Regular check-ins (standups, weekly syncs) help surface blockers early.

Case Study: Google's "Testing on the Toilet"

Testing on the Toilet illustration: A bathroom stall with a one-page technical flyer posted inside. Left shows failed channels (ignored emails, missed social posts, TL;DR wikis). Right shows results (189% and 378% adoption increases). Tagline: Meet developers where they are. Literally.

The idea: One-page newsletters posted in bathroom stalls, by devs for devs.

Research result: 11 of 12 tools promoted via TotT showed statistically significant adoption increases—outperforming email and social media.

Murphy-Hill et al., "Do Developers Discover New Tools On The Toilet?" ICSE 2019.

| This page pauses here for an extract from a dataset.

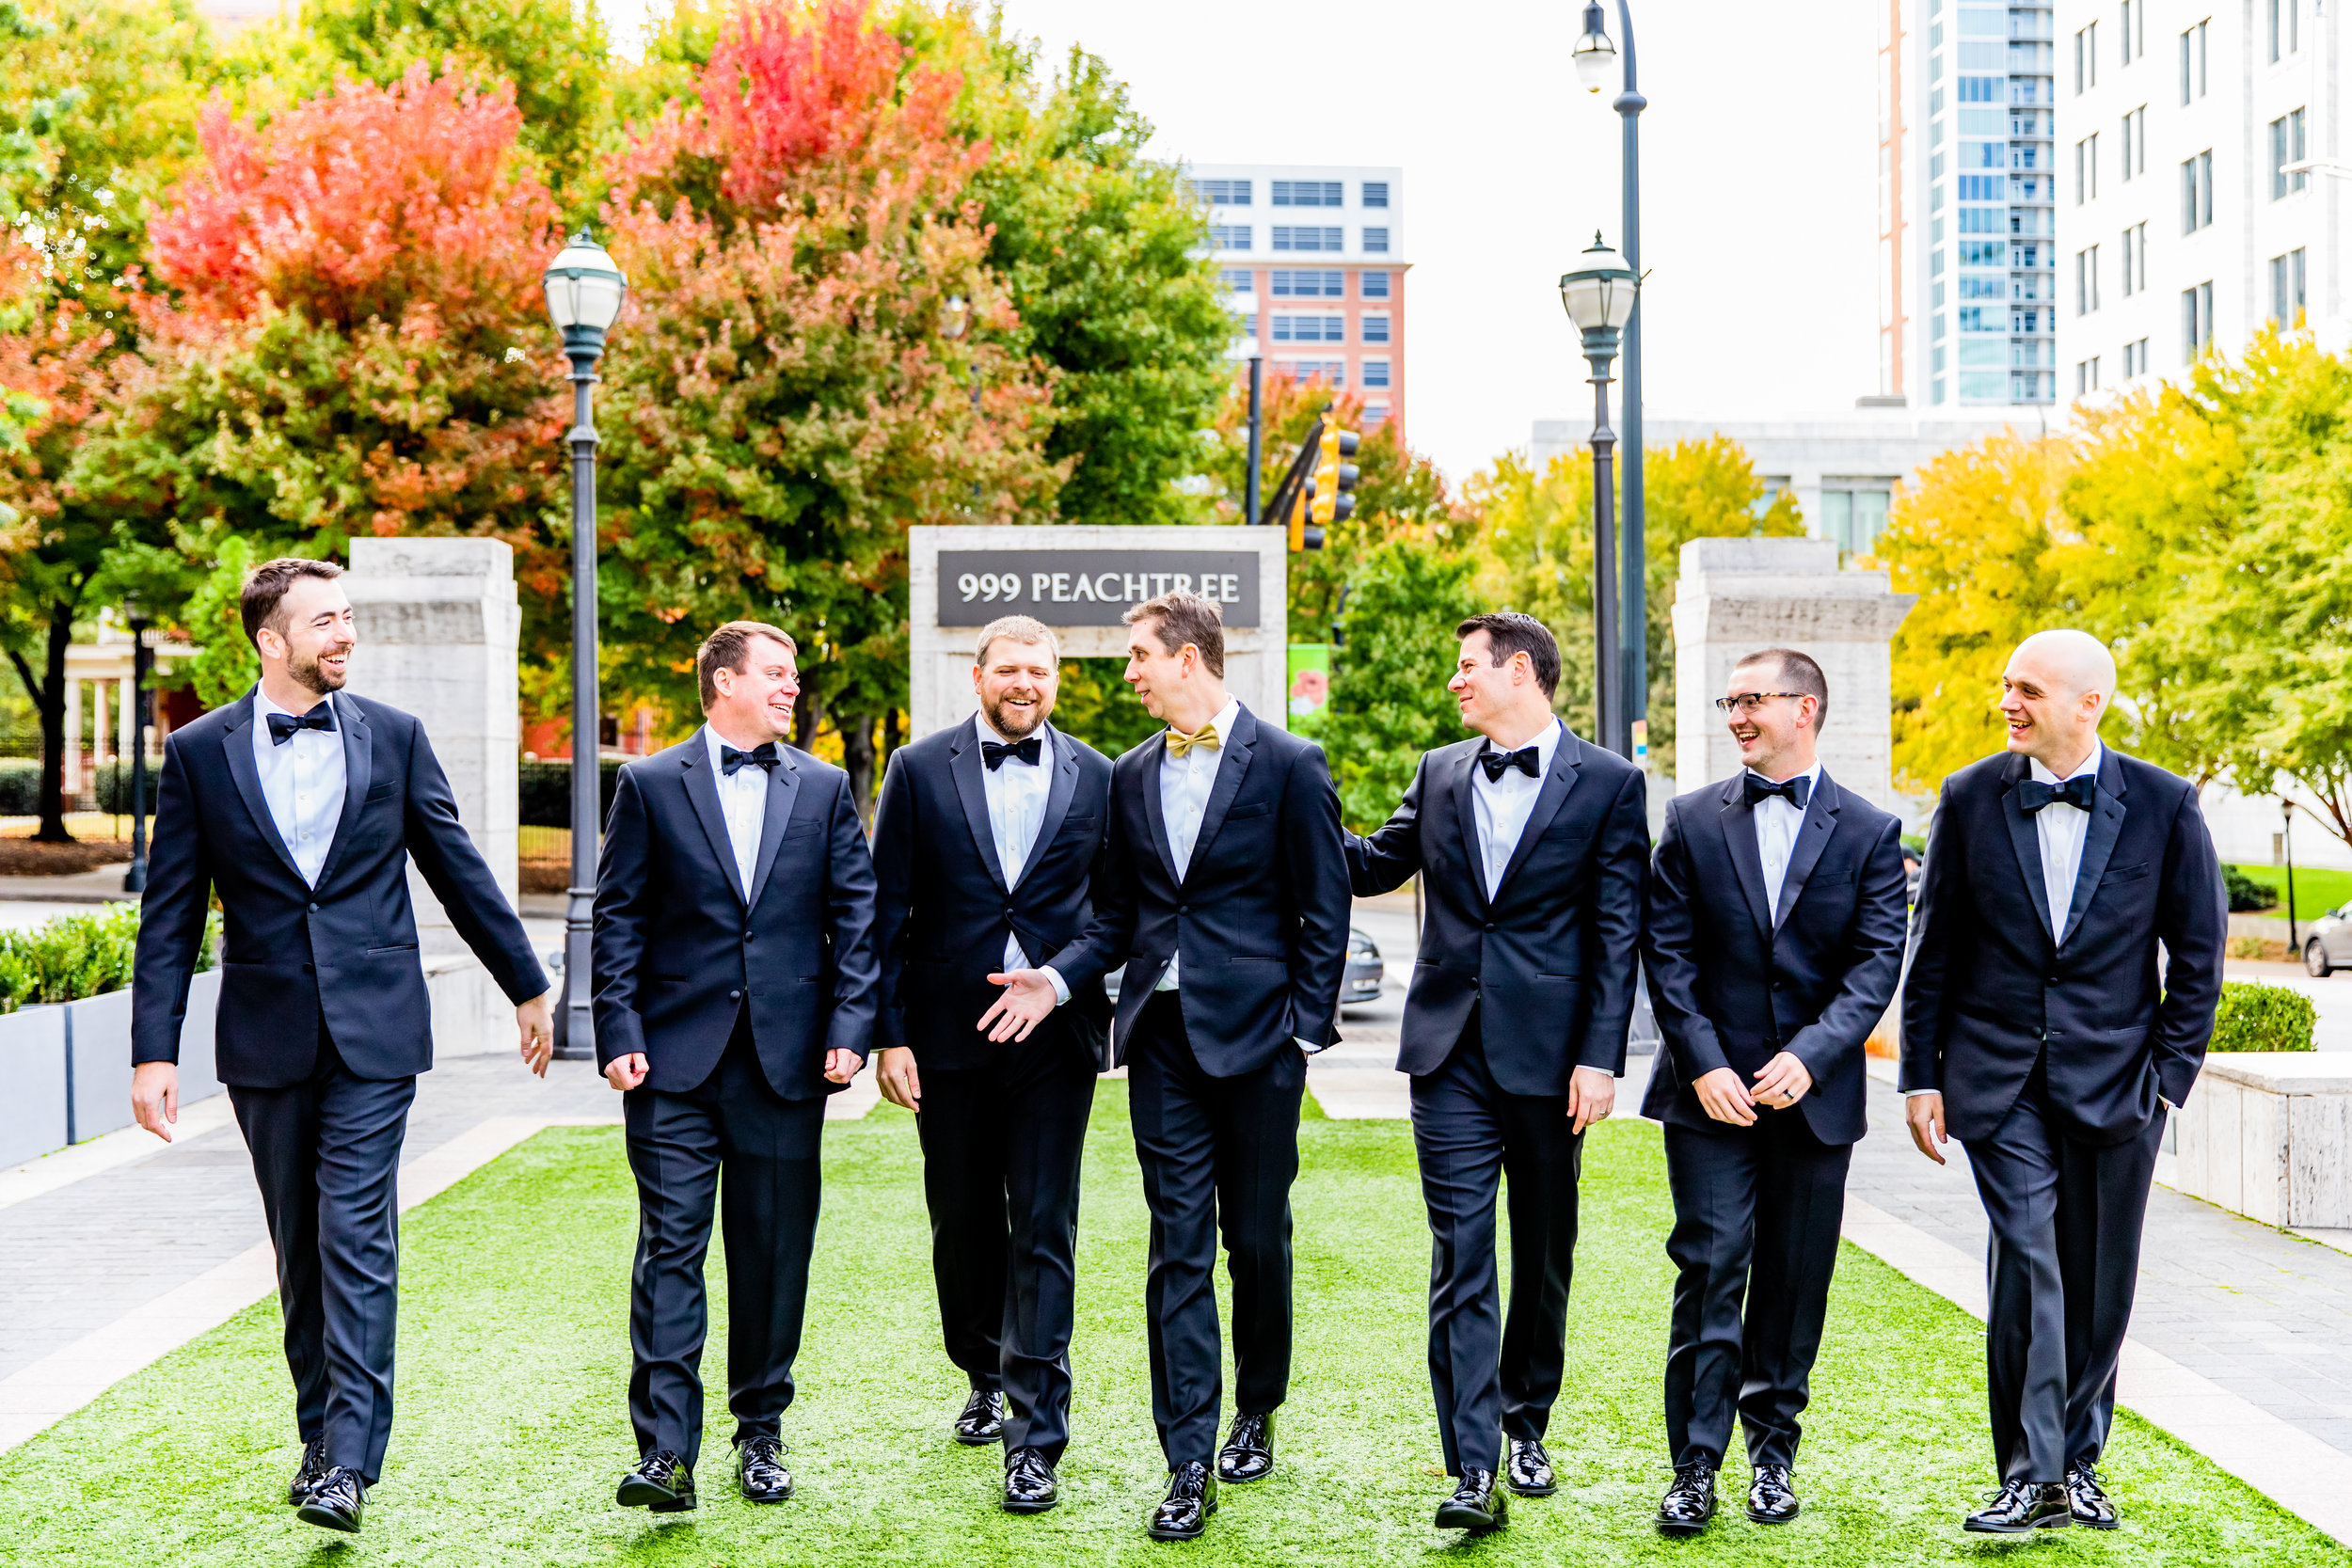 Wedding_Atlanta_Emily_Lester_Photography-419.jpg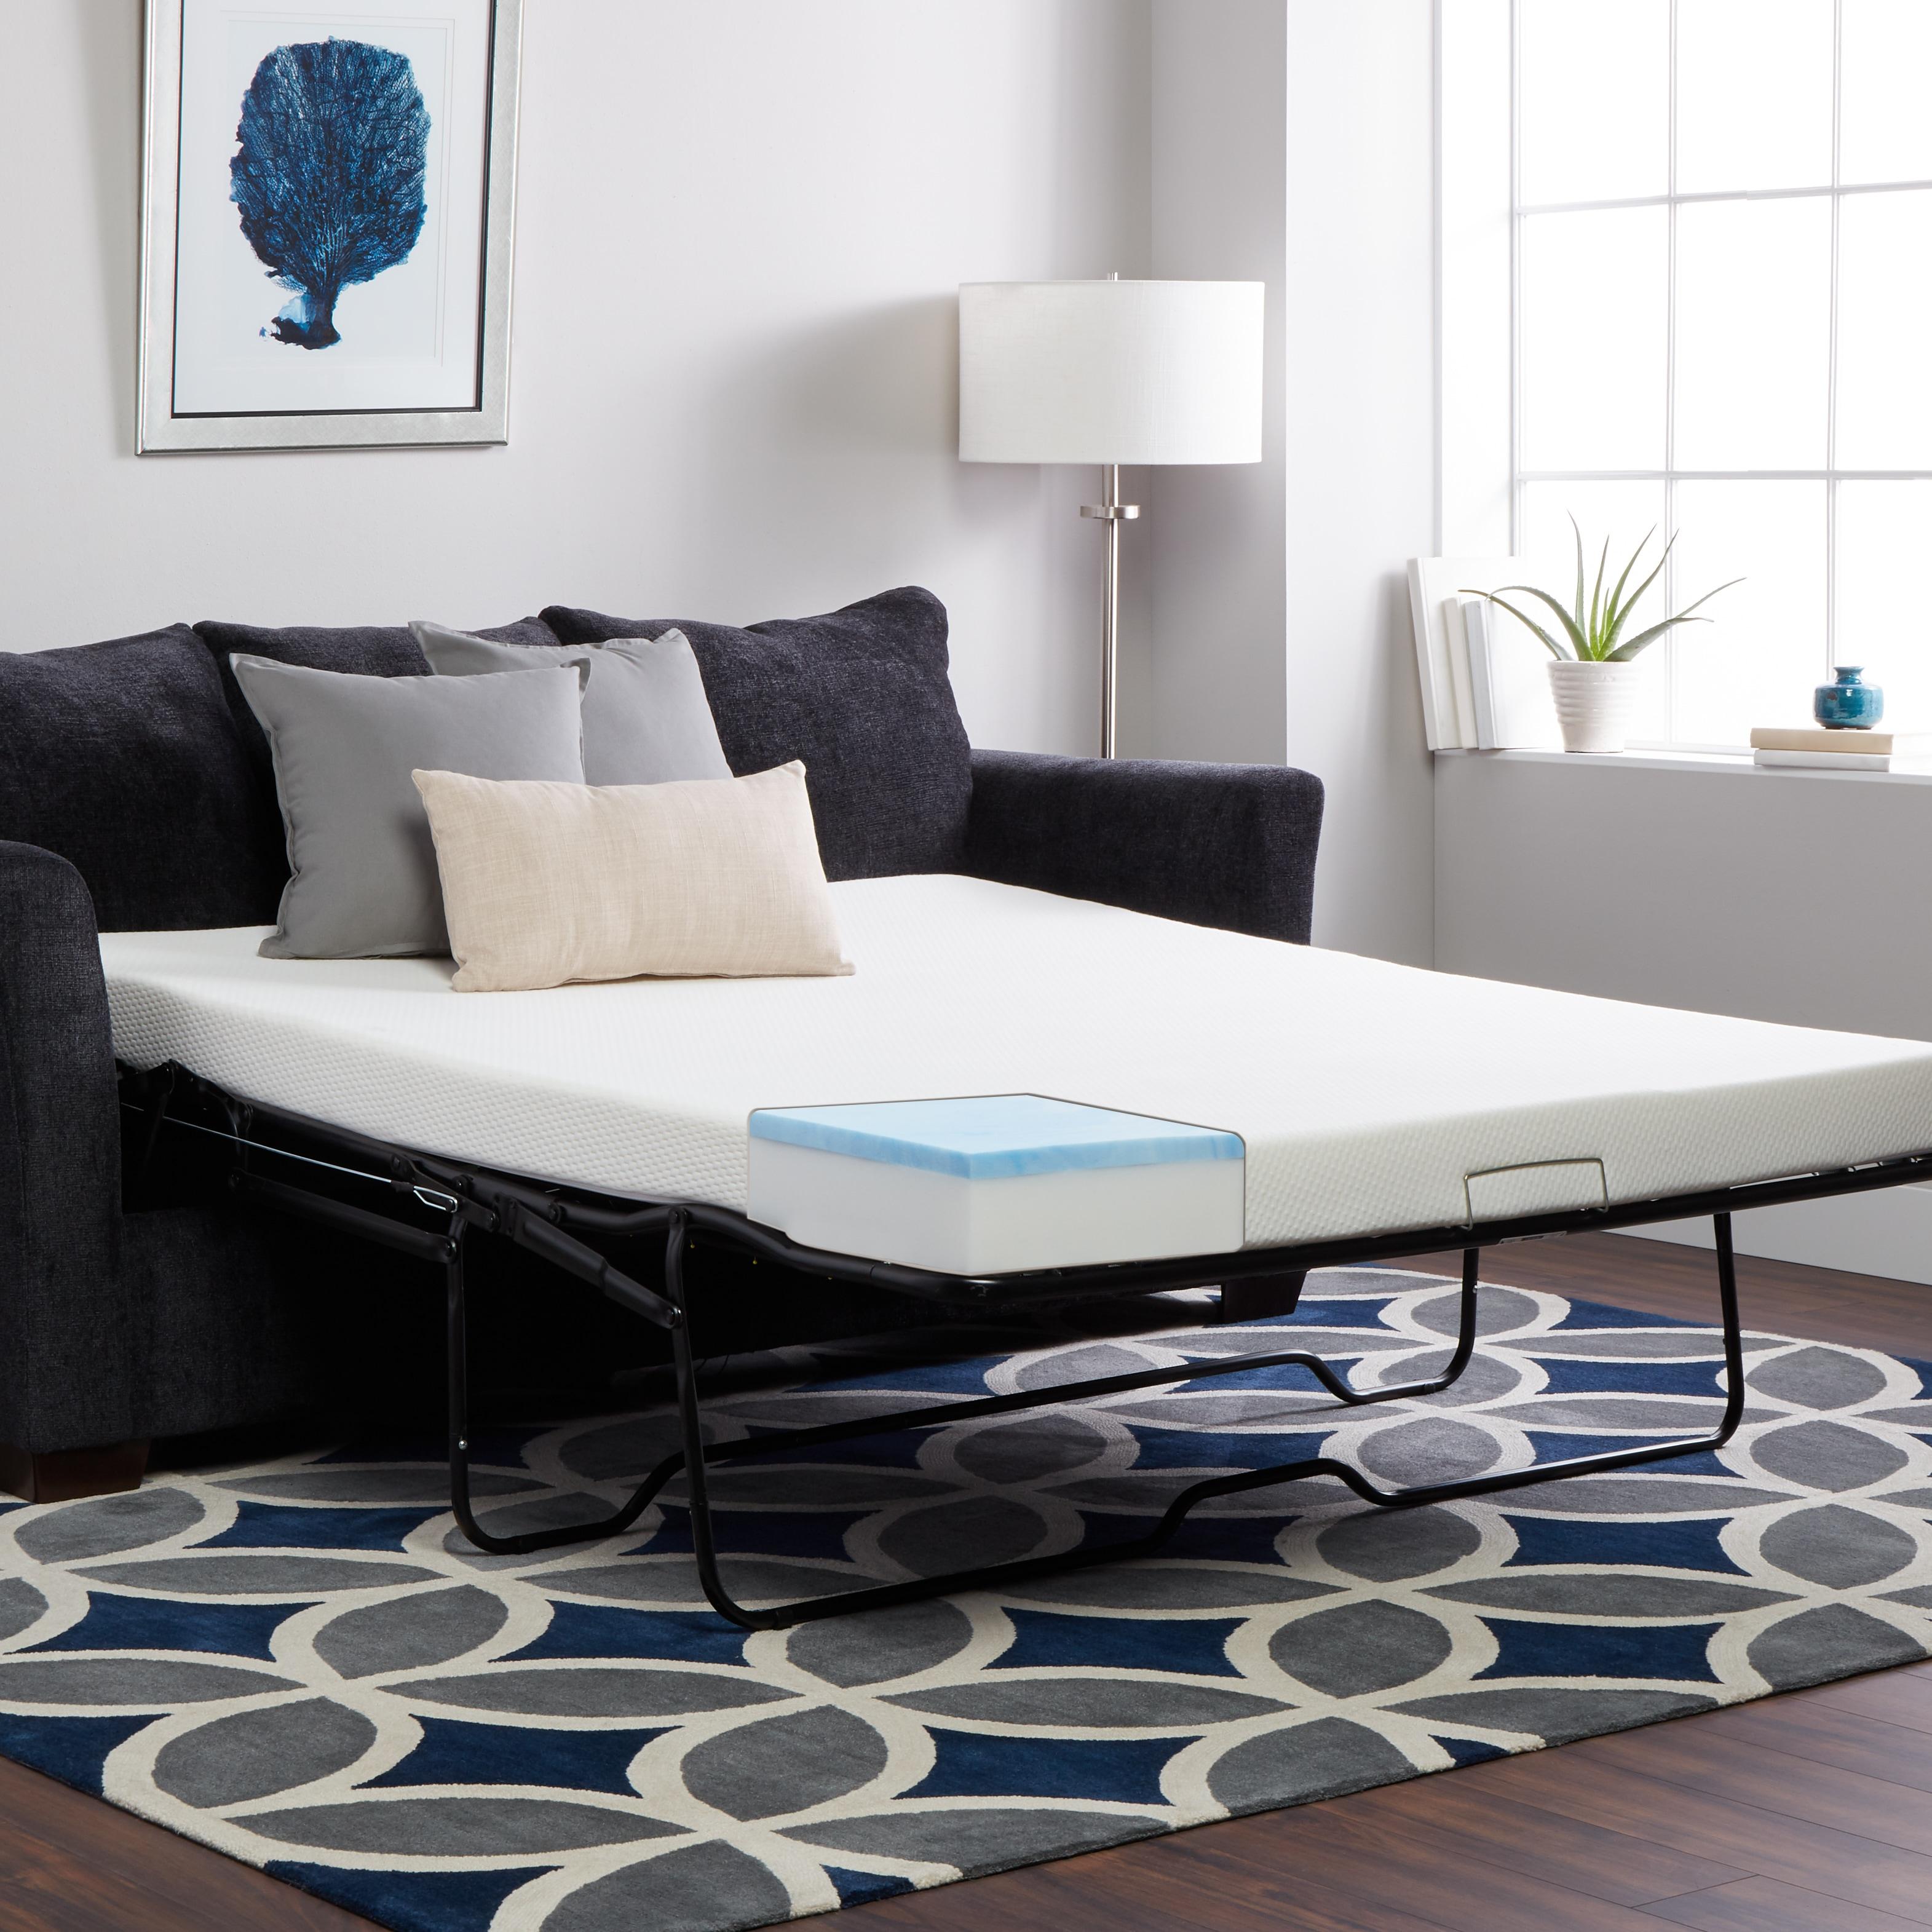 Select Luxury Twin-size Sleeper Sofa Replacement Gel Memo...

Key Takeaways: What Separates Teams That Ship

Team projects rarely fail because of technical skill—they fail because of collaboration. Here's what makes the difference:

Principles

  • HRT: Humility, Respect, Trust
  • The discomfort of feedback is the point
  • We hold you accountable to these

Practices

  • CI catches bugs before they spread
  • PRs create review checkpoints
  • Issues and code review share knowledge
  • Scalable communication beats O(n²)

Agreements

  • Team charters accelerate norming
  • Your first deliverable isn't code—it's alignment
  • Fight forward, not back

Your first deliverable: The team charter is due March 13. Apply these principles this week with your new team.

Your First Team Deliverable: The Team Charter

Your team charter is live now, due March 13. This is not a formality—it's the foundation for everything that follows.

What you'll establish:

  • Communication norms (when, where, how)
  • Working hours and availability
  • How you'll divide work
  • How you'll make decisions
  • What "done" means for your team
  • How you'll handle missed deadlines

Why it matters:

  • Surfaces conflicts before they happen
  • Creates shared expectations to reference
  • Accelerates your team through "storming"
  • Gives you something to point to when things go wrong

Completing Your Team Charter

Step 1: Schedule a team meeting this week

  • Everyone should be present for this conversation
  • Don't just divide up sections and merge—discuss together

Step 2: Have the awkward conversations

  • "What hours do you actually work?" (not what sounds good)
  • "What happens if someone misses a deadline?"
  • "How do we decide when we disagree?"

Step 3: Be specific, not aspirational

  • ❌ "We'll communicate regularly"
  • ✓ "We'll post daily updates in Discord by 9 PM"

HRT in action: Approach this with humility ("my preferences aren't the only valid ones"), respect ("everyone's constraints matter"), and trust ("we'll all follow what we agree to").